40 mg of 5-(1-methyl-1H-pyrazol-4-yl)isoquinolin-3-amine (0.18 mmol, 1 eq.) and 69 mg of 2,6-dichloro-3-nitropyridine (0.36 mmol, 2 eq.) were dissolved in 3 mL of dry 1,4-dioxane. Subsequently, 93 µL of N,N-diisopropylethylamine (DIEA) (1.25 mmol, 7 eq.) were added to the stirring solution. The reaction mixture was then heated to reflux for 26 h. After cooling down to rt, the solvent was removed under vacuum. The resulting crude product was purified via flash column chromatography (SiO2, hexane: EtOAc, gradient elution from 40 to 100% EtOAc). The obtained solid was triturated with HPLC grade pentane for further purification. The suspension was filtered, and the residue was dried under high vacuum to yield 47 mg (69%) of the desired product as a carmine-colored powder. Mp.: 191.9 °C (under decomposition); ¹H NMR (400 MHz, CDCl3) δ 10.84 (s, 1H), 9.06 (s, 1H), 9.01 (s, 1H), 8.52 (d, J = 8.6 Hz, 1H), 7.89 (s, 1H), 7.88 (s, 1H), 7.86 (d, J = 8.5 Hz, 1H), 7.69 (d, J = 7.0 Hz, 1H), 7.52 (t, J = 7.6 Hz, 1H), 6.90 (d, J = 8.6 Hz, 1H), 4.05 (s, 3H); ¹³C NMR (101 MHz, CDCl₃) δ 155.6, 151.7, 147.9, 146.2, 139.4, 138.1, 135.9, 131.1, 130.3, 129.6, 128.1, 127.0, 126.8, 126.1, 119.9, 114.9, 107.5, 39.4 (for the NMR spectra including 2D NMR experiments (HSQC, COSY, HMBC, and NOESY), see Supplementary Figures S6–S12); HR-ESI-MS (calculated/found): 403.06807/403.06856 m/z [M+Na]⁺ (for the mass spectrum, see Supplementary Figure S13); HPLC: t_r = 9.050 min, purity: 98.2% (254 nm), 98.2% (230 nm) (for the chromatogram, see Supplementary Figure S14). ATR-IR: 3326, 1570, 1482, 1384, 1249, 850, 754, 708, 637, 533 (for the IR spectrum, see Supplementary Figure S15).

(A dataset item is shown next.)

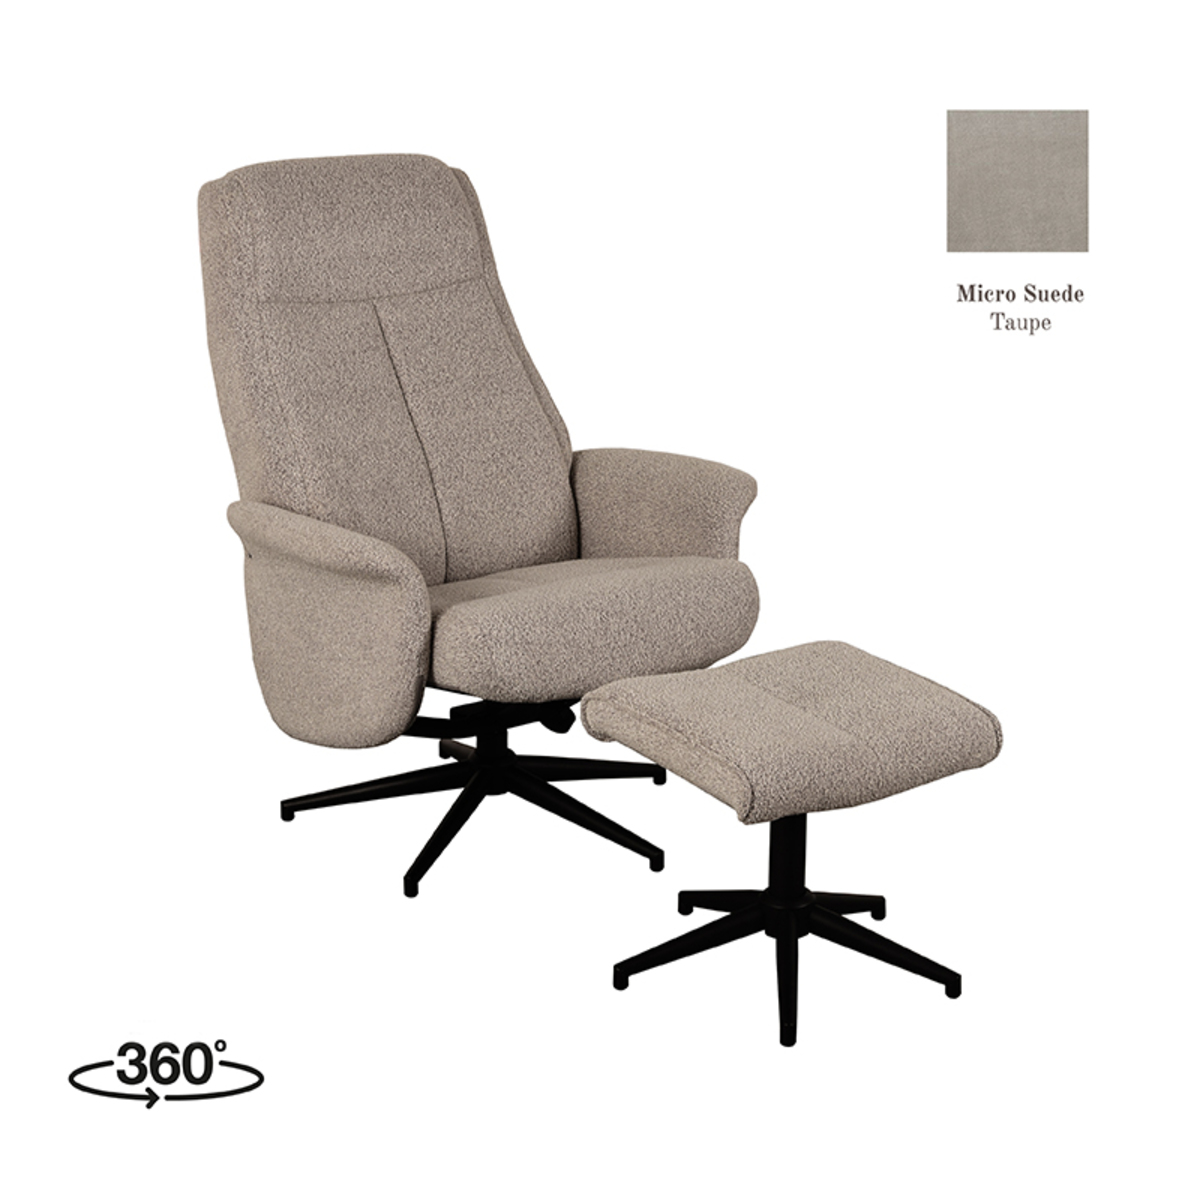 LABEL51 Fauteuil Bergen - Taupe - Micro Suede - Incl. Ottoman Taupe Fauteuil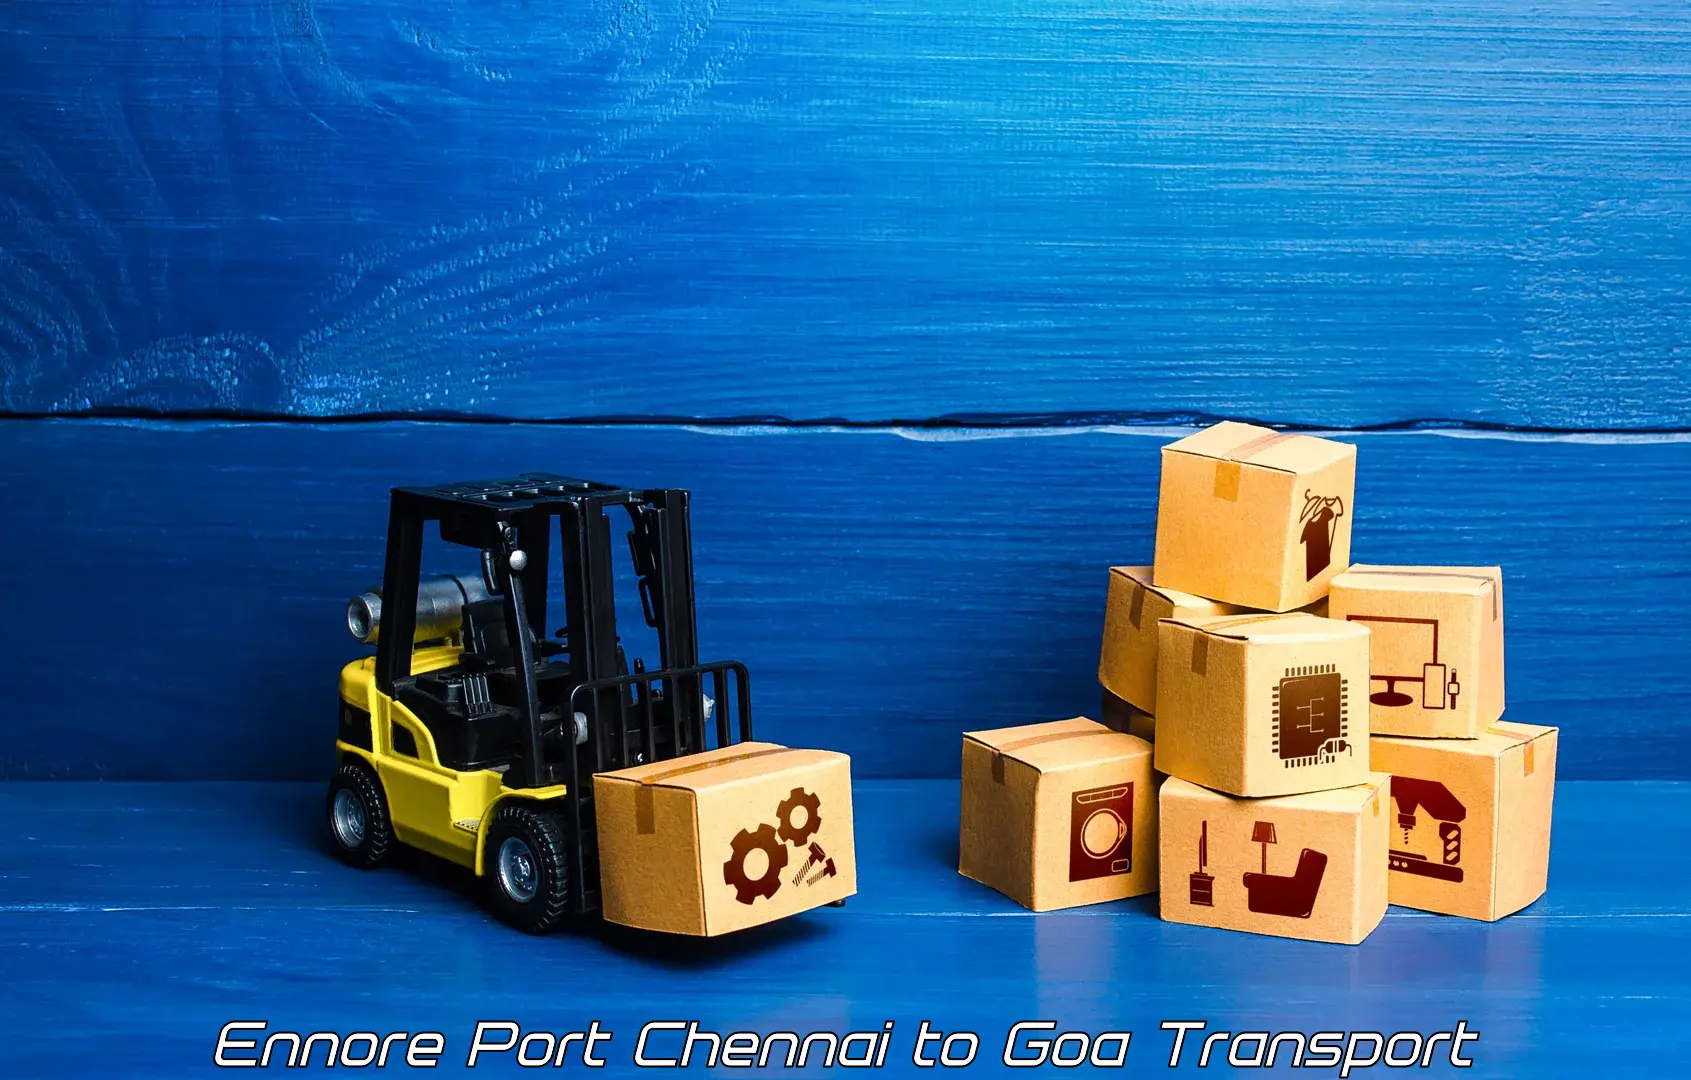 Transport shared services Ennore Port Chennai to Goa

Crystals for X-ray analysis were obtained by vapor diffusion of diethyl ether into a 10 mg/mL solution of compound 1 in chloroform (298 K, 1 atm). Crystal data for C₁₈H₁₃ClN₆O₂ (M = 380.79 g·mol⁻¹): monoclinic space group P2₁/n, a = 7.3911(8) Å, b = 23.1658(19) Å, c = 18.9367(19) Å, ß=92.580(8)°, V = 3239.1(5) ų, Z = 8, T = 120 K, µ(CuKα) = 2.349 mm⁻¹, D_calc = 1.562 m·gm⁻³, 21465 reflections measured (3.82° ≤ θ ≤ 68.32°), 21465 unique (Rsigma = 0.1803) which were used in all calculations. CCDC 2051917 contains the supplementary crystallographic data for this paper.

4. Conclusions

In this study, we established a synthesis for N-(6-chloro-3-nitropyridin-2-yl)-5-(1-methyl-1H-pyrazol-4-yl)isoquinolin-3-amine (1). The synthesis started from known 3-chloroisoquinoline derivative 3, which was converted into unprecedented isoquinoline-3-amine derivative 5 via Buchwald–Hartwig arylamination with benzophenone imine followed by acid-promoted hydrolysis of the imine intermediate. From compound 5, the desired compound could be obtained via regioselective nucleophilic aromatic substitution with 2,6-dichloro-3-nitropyridine. Both 5 and 1 were fully characterized and the regiochemistry of 1 was confirmed by X-ray crystallography. Although inhibitor 1 did not show the expected inhibitory potency on the intended target kinase, MPS1, we found significant activity on the kinase p70S6Kβ, which features an equivalent cysteine. The compound may thus serve as a starting point for the development of p70S6Kβ inhibitors.